Task material START
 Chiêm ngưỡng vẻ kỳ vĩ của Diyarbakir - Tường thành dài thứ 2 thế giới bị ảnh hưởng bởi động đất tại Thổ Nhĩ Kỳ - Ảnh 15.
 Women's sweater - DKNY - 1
Task material END
Task material START
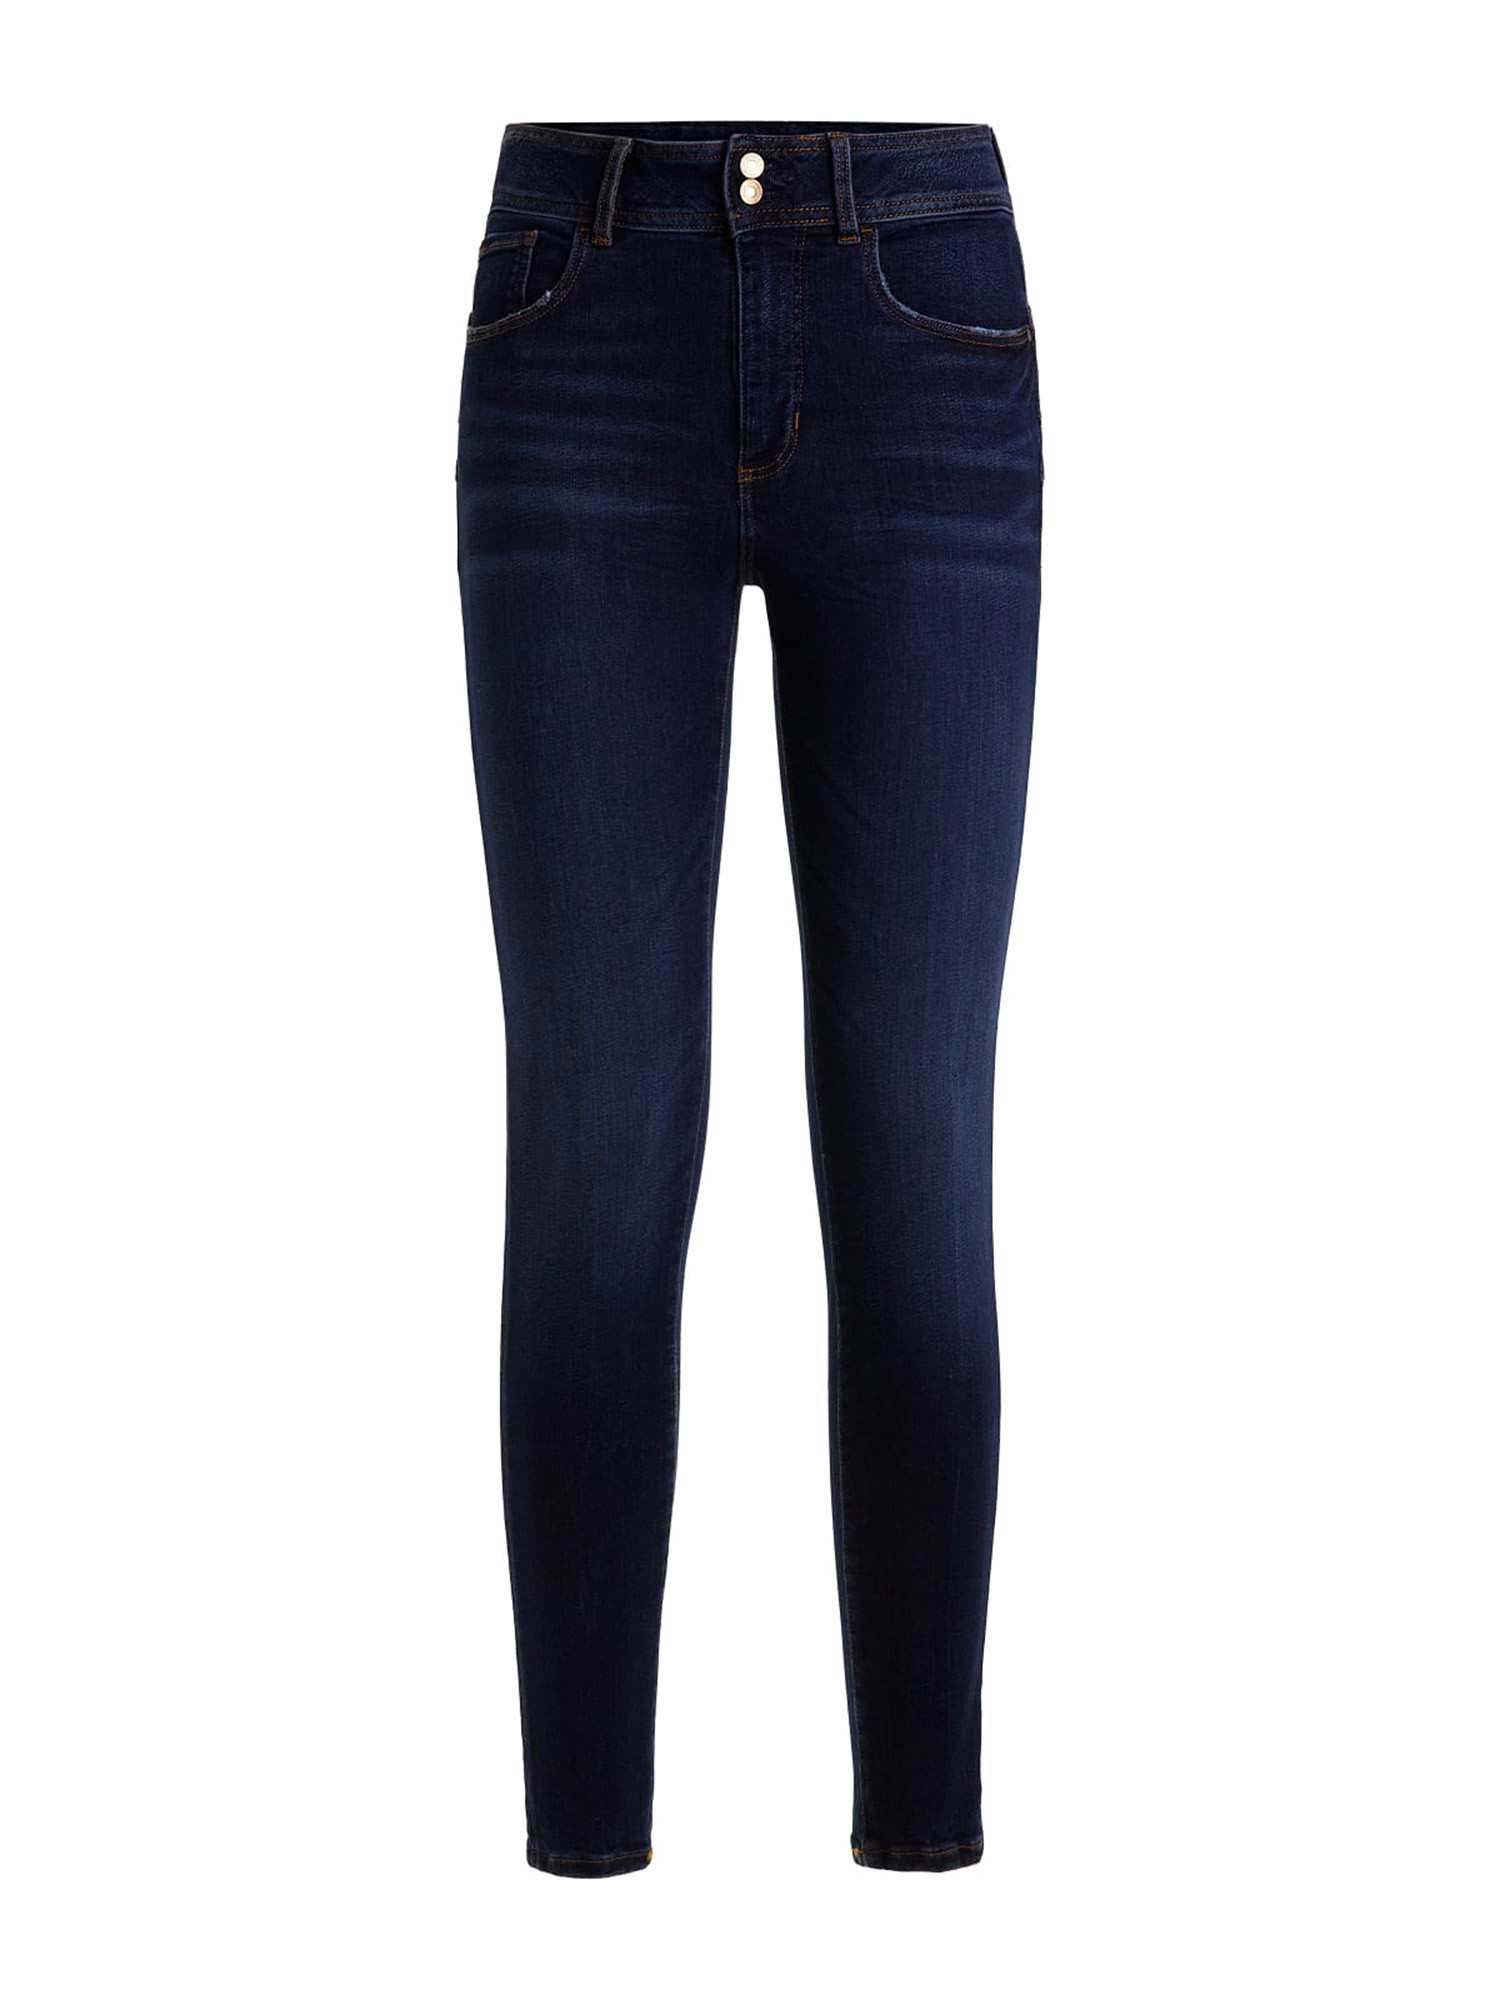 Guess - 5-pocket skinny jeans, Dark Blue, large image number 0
Task material END
Task material START
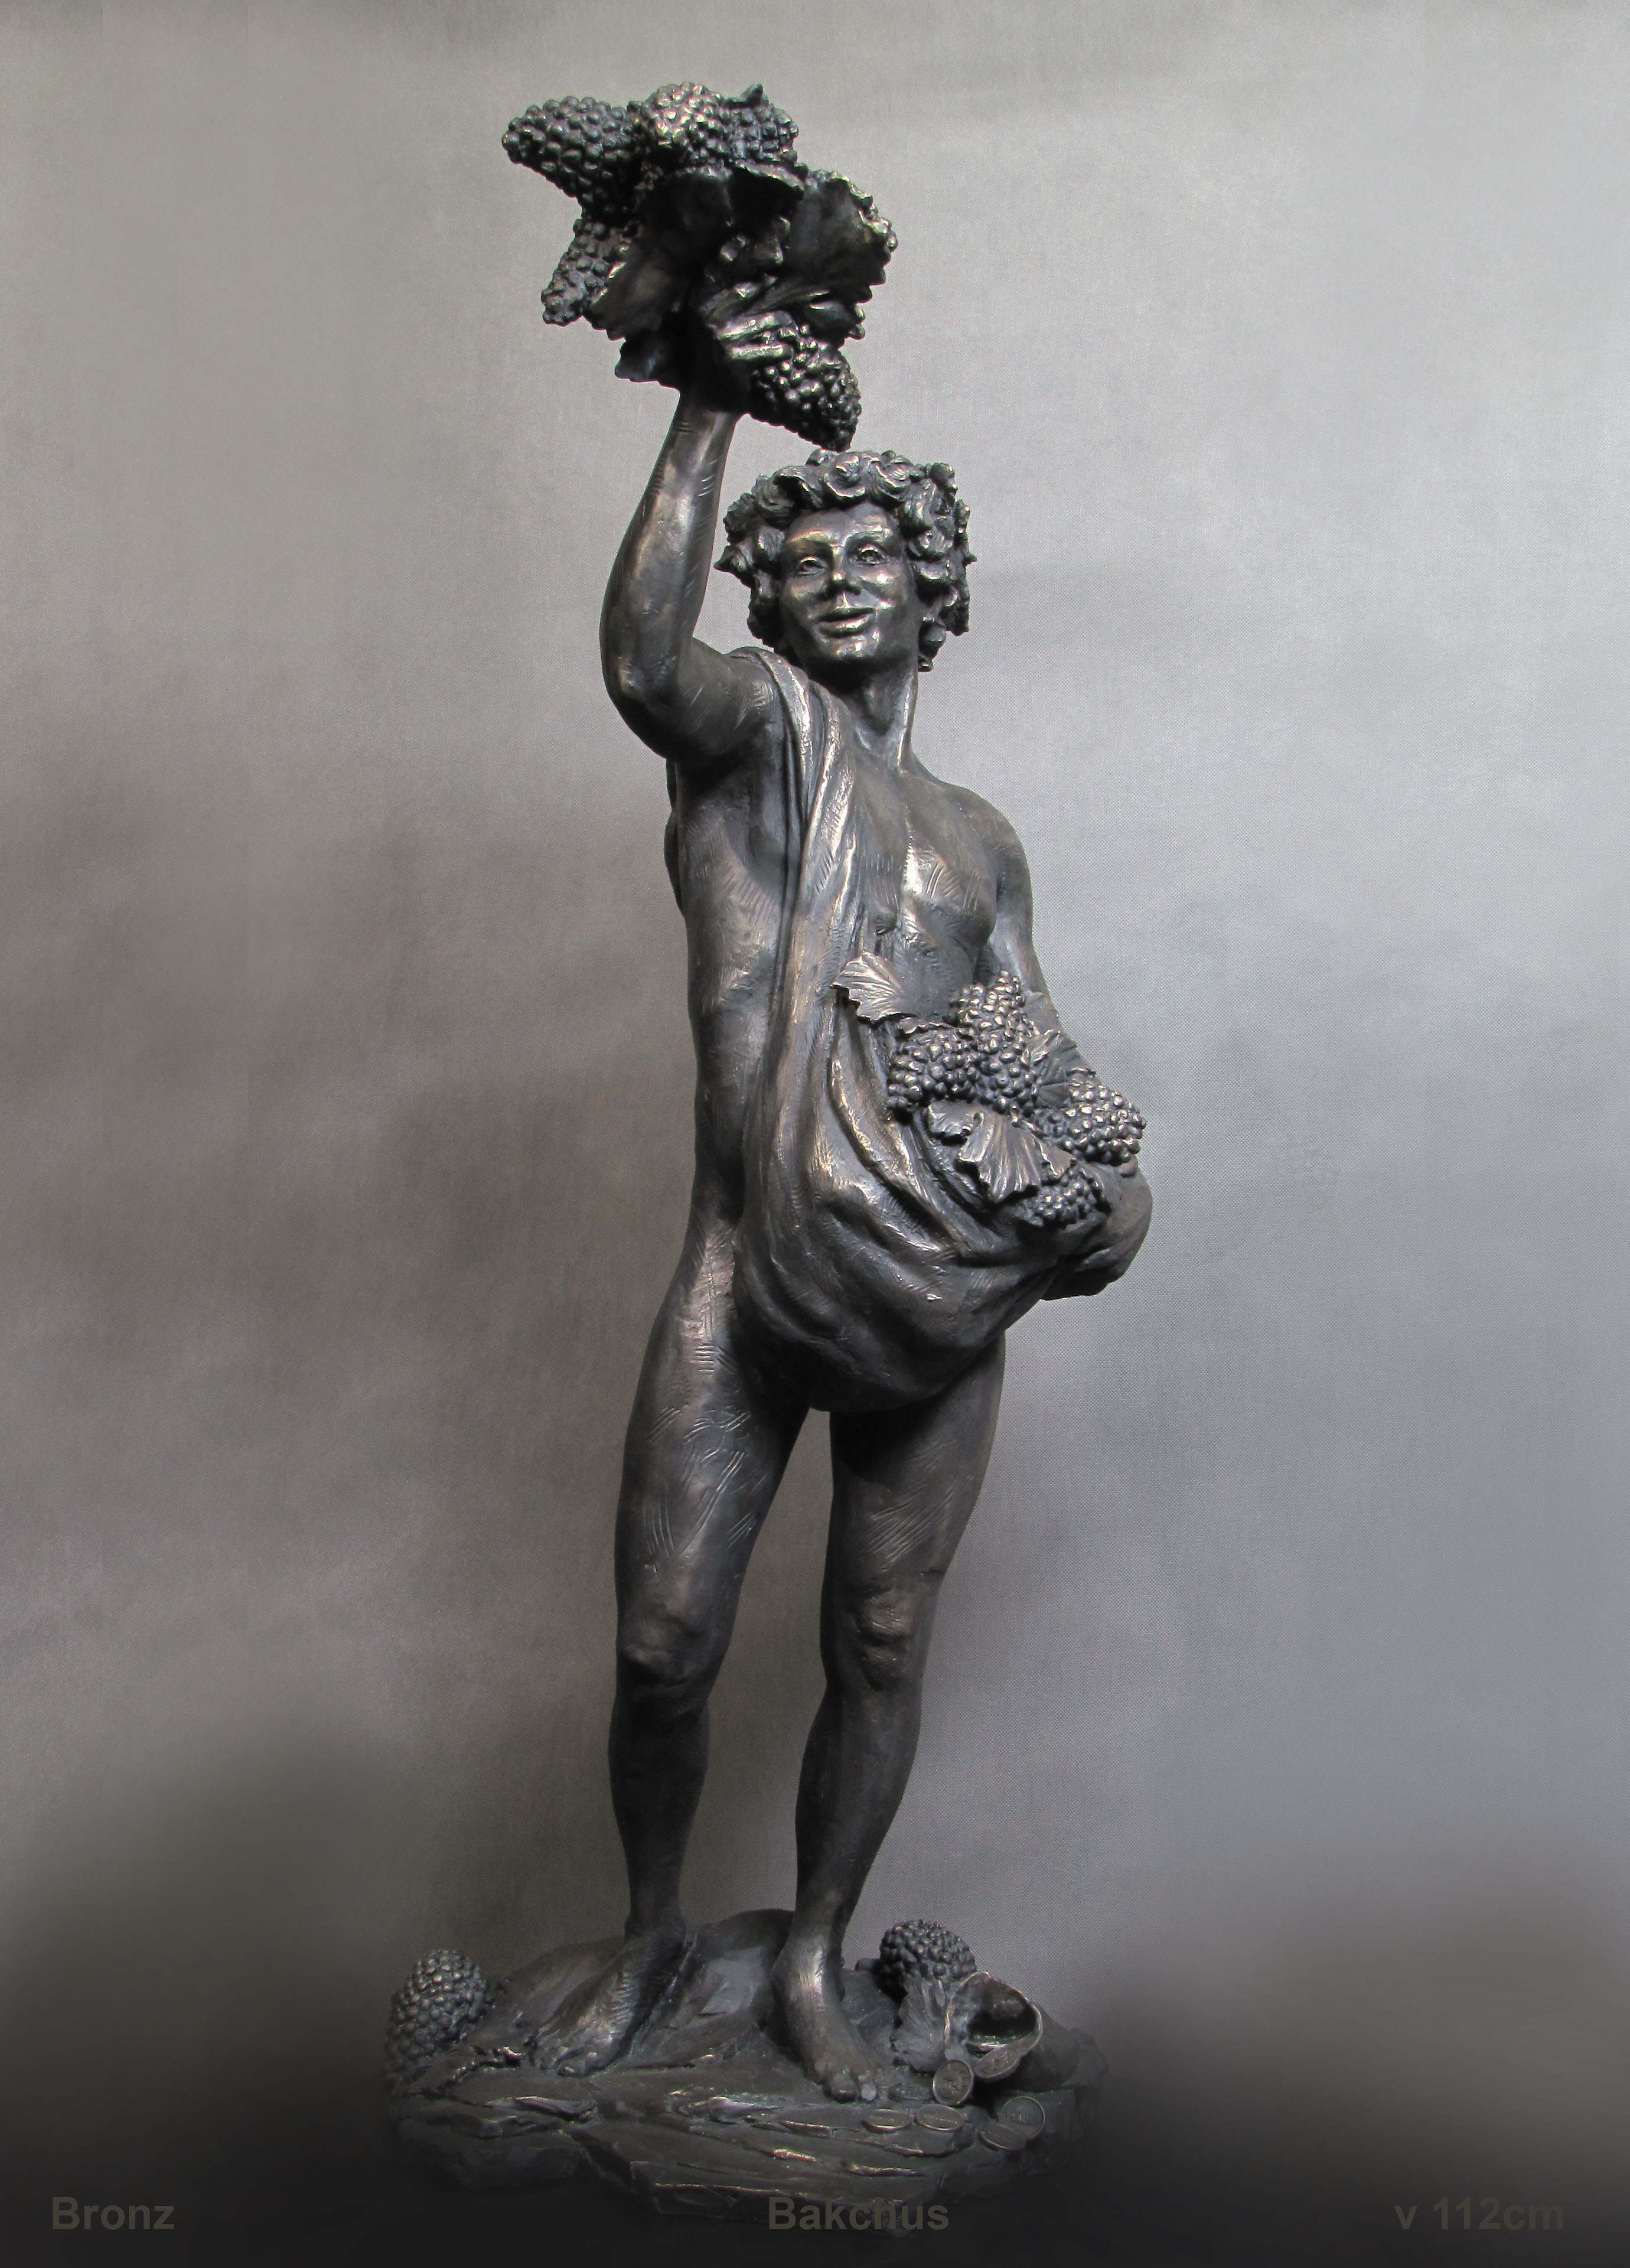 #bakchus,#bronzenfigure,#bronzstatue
Task material END
● **Try it**: Since only part of the listing is wanted, copy exactly the lines from the one holding "Chiêm ngưỡng vẻ" to the one holding "Women's sweater - DKNY - 1", both included.

● **Task output**:
 Chiêm ngưỡng vẻ kỳ vĩ của Diyarbakir - Tường thành dài thứ 2 thế giới bị ảnh hưởng bởi động đất tại Thổ Nhĩ Kỳ - Ảnh 15.
 Women's sweater - DKNY - 1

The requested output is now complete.